_PROBLEM DESCRIPTION_. In the records below, find the line with "break coffee /", then retype it and every following line exactly, stopping after the line with "Solar Powerbank 30000mAh". Leave the pictures out.

[RECORDS TO USE Boundary: Start]

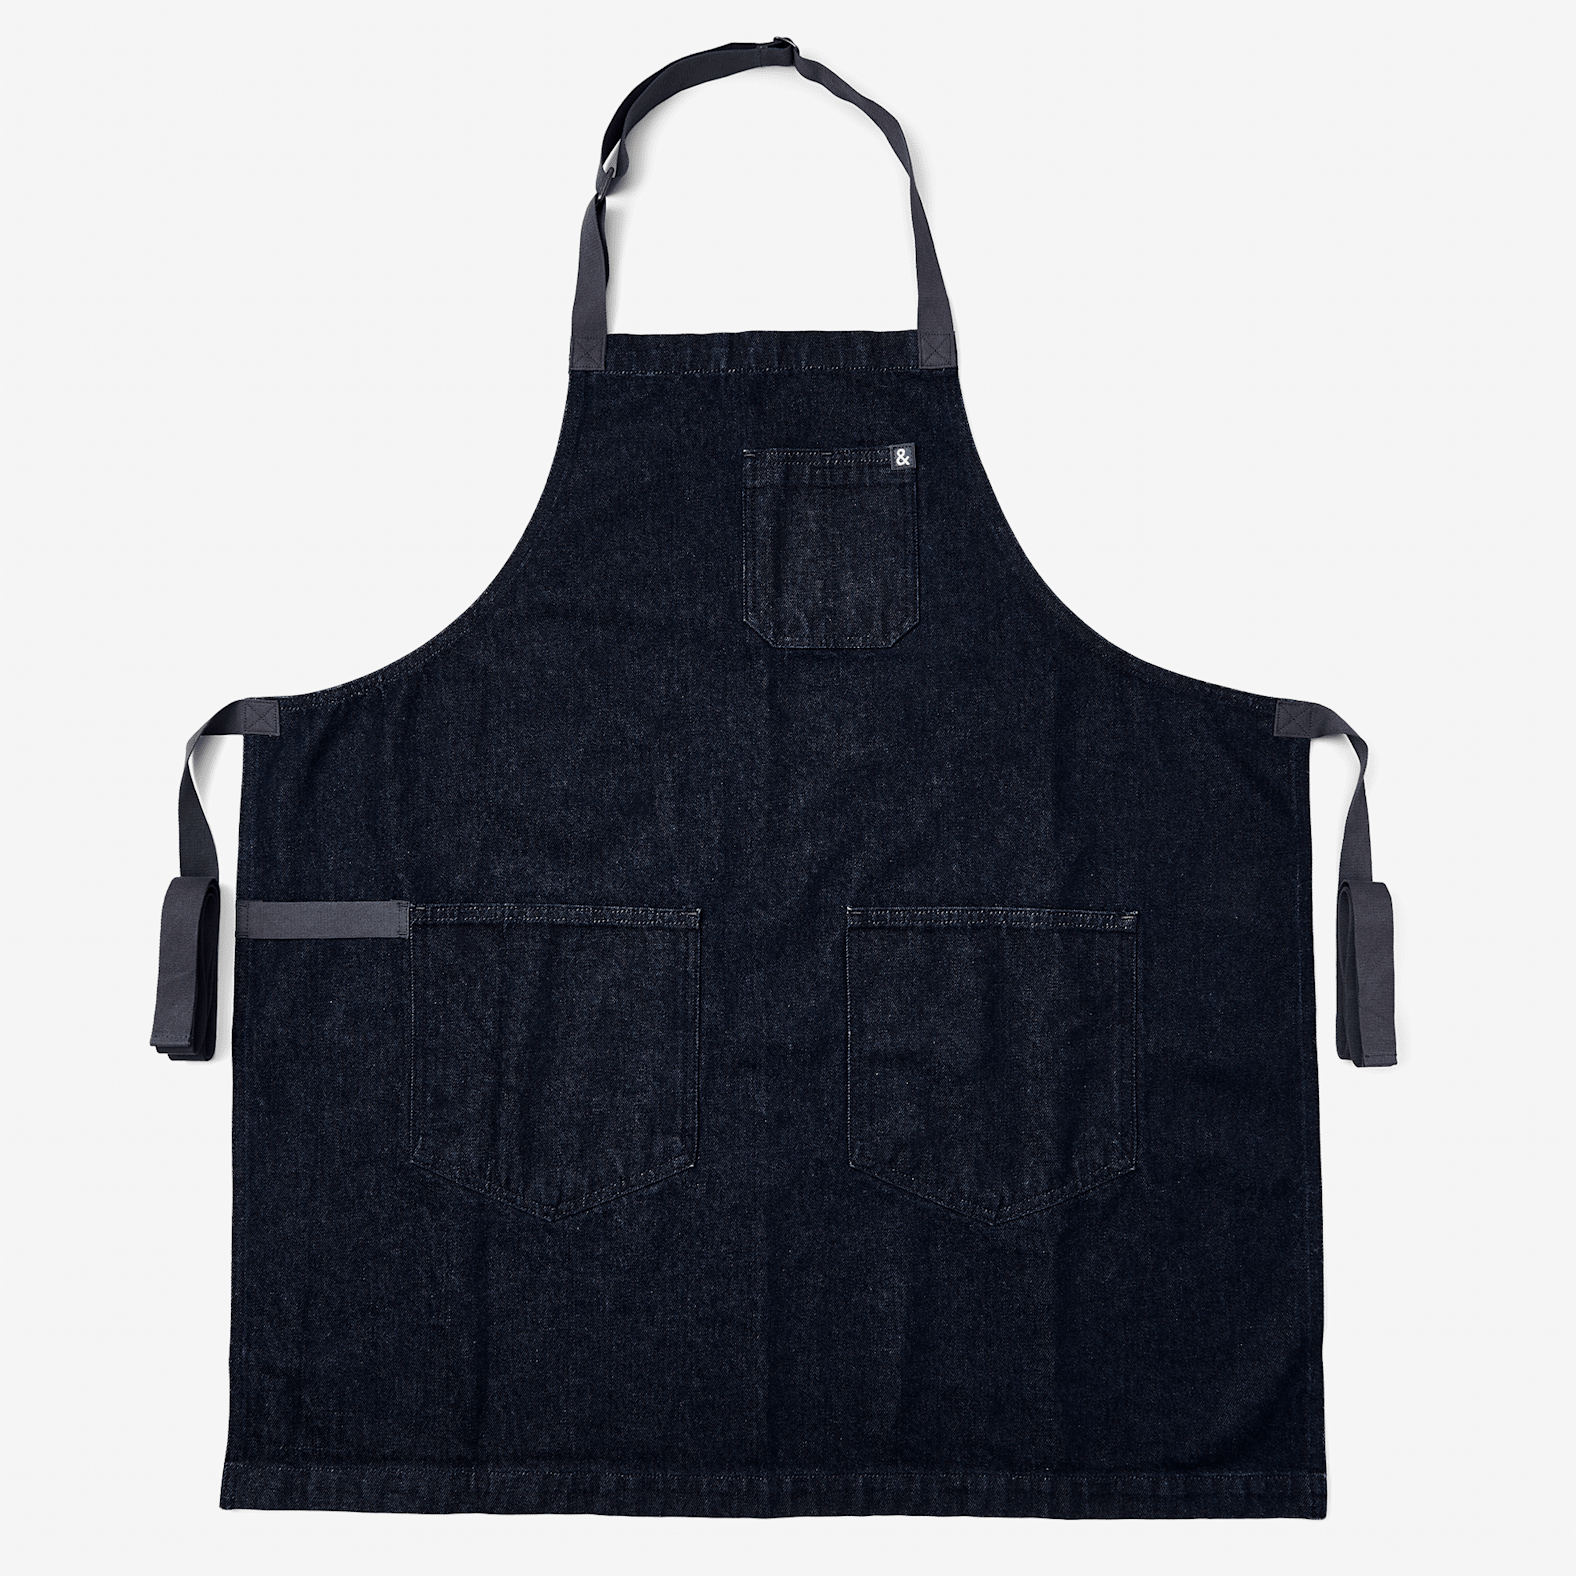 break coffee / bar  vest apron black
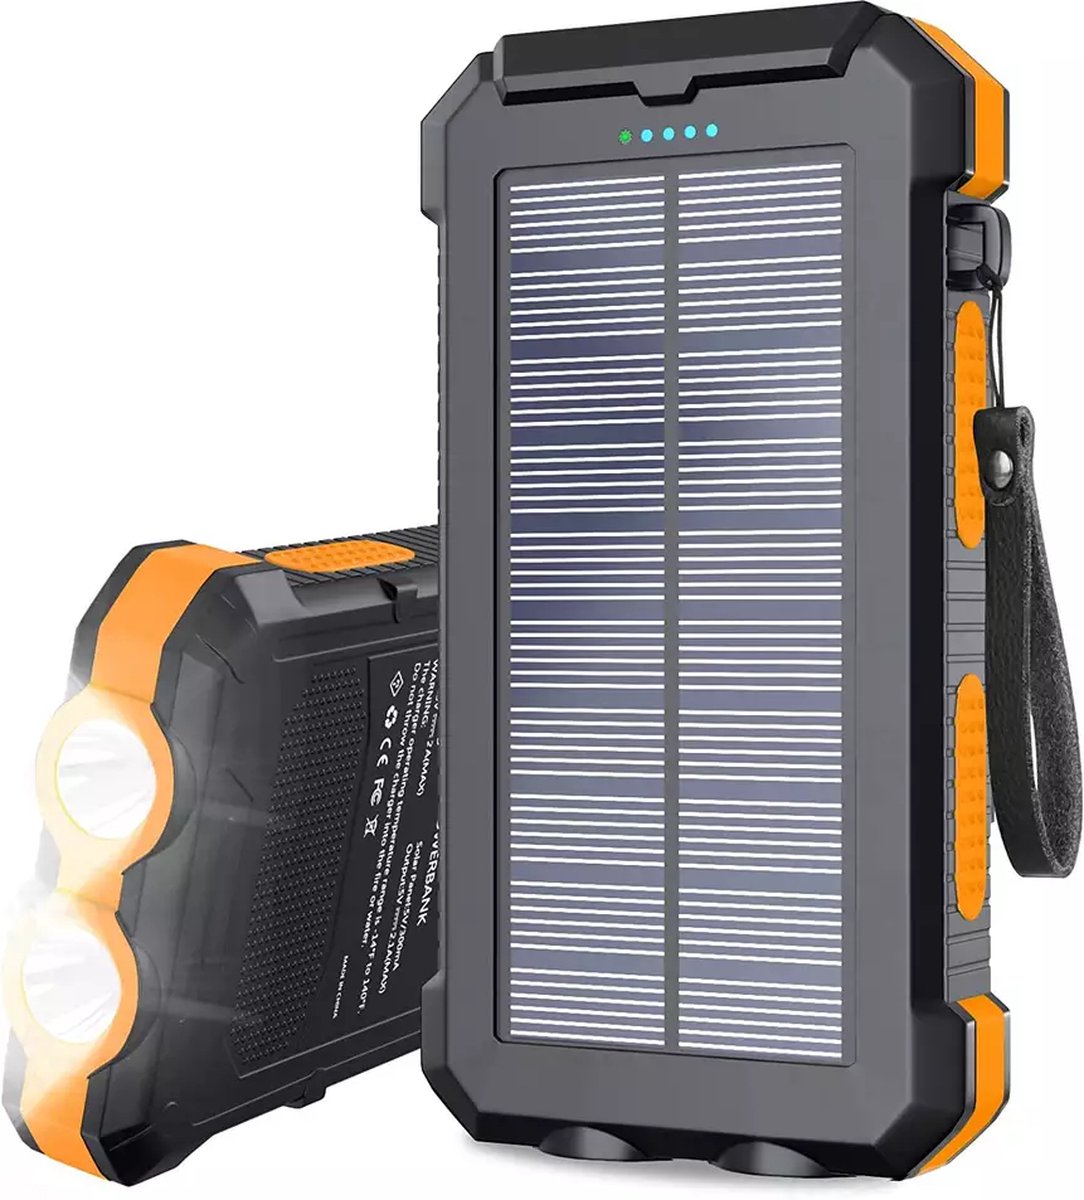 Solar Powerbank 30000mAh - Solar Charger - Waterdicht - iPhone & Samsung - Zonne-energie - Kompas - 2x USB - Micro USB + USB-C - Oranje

[RECORDS TO USE Boundary: End]
[RECORDS TO USE Boundary: Start]

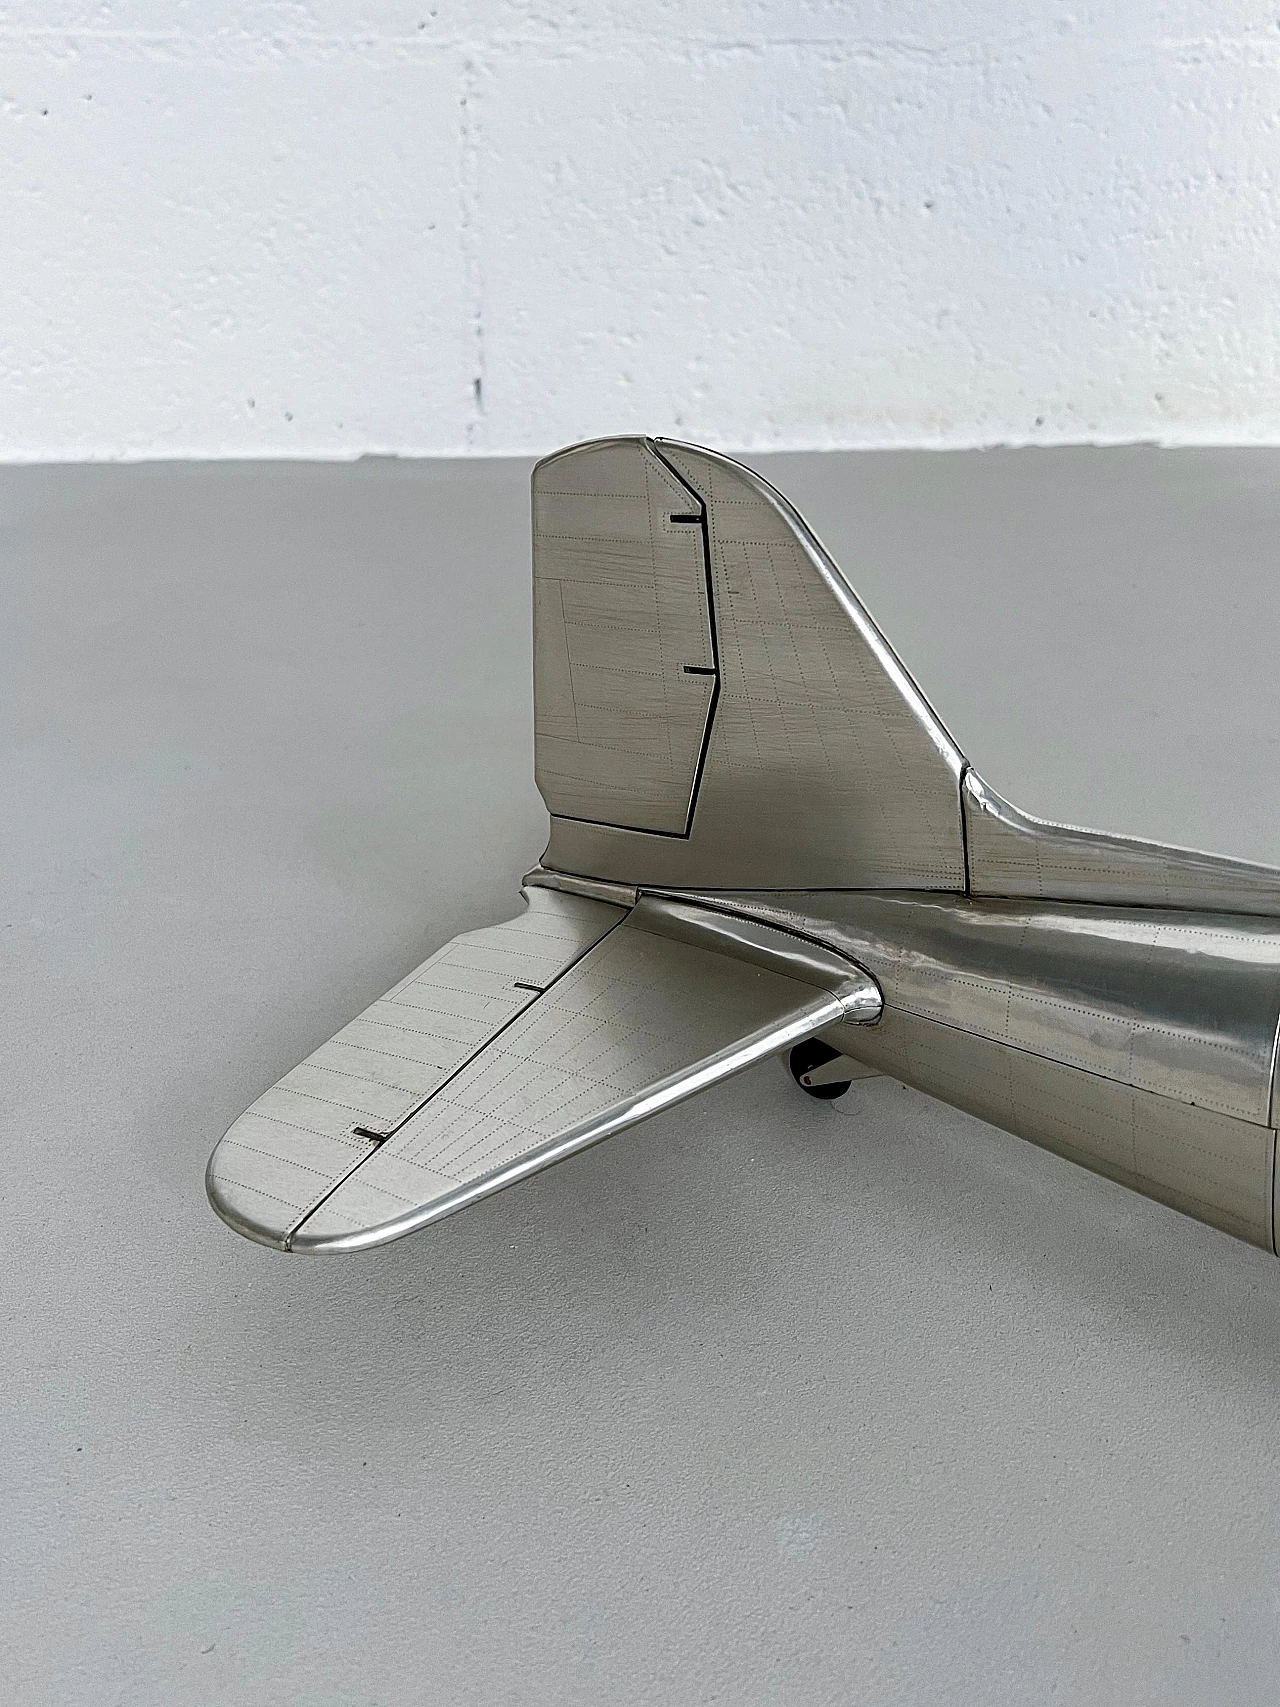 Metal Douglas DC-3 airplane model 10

[RECORDS TO USE Boundary: End]

_ANSWER TO THE EXERCISE_.
 break coffee / bar  vest apron black
 Solar Powerbank 30000mAh - Solar Charger - Waterdicht - iPhone & Samsung - Zonne-energie - Kompas - 2x USB - Micro USB + USB-C - Oranje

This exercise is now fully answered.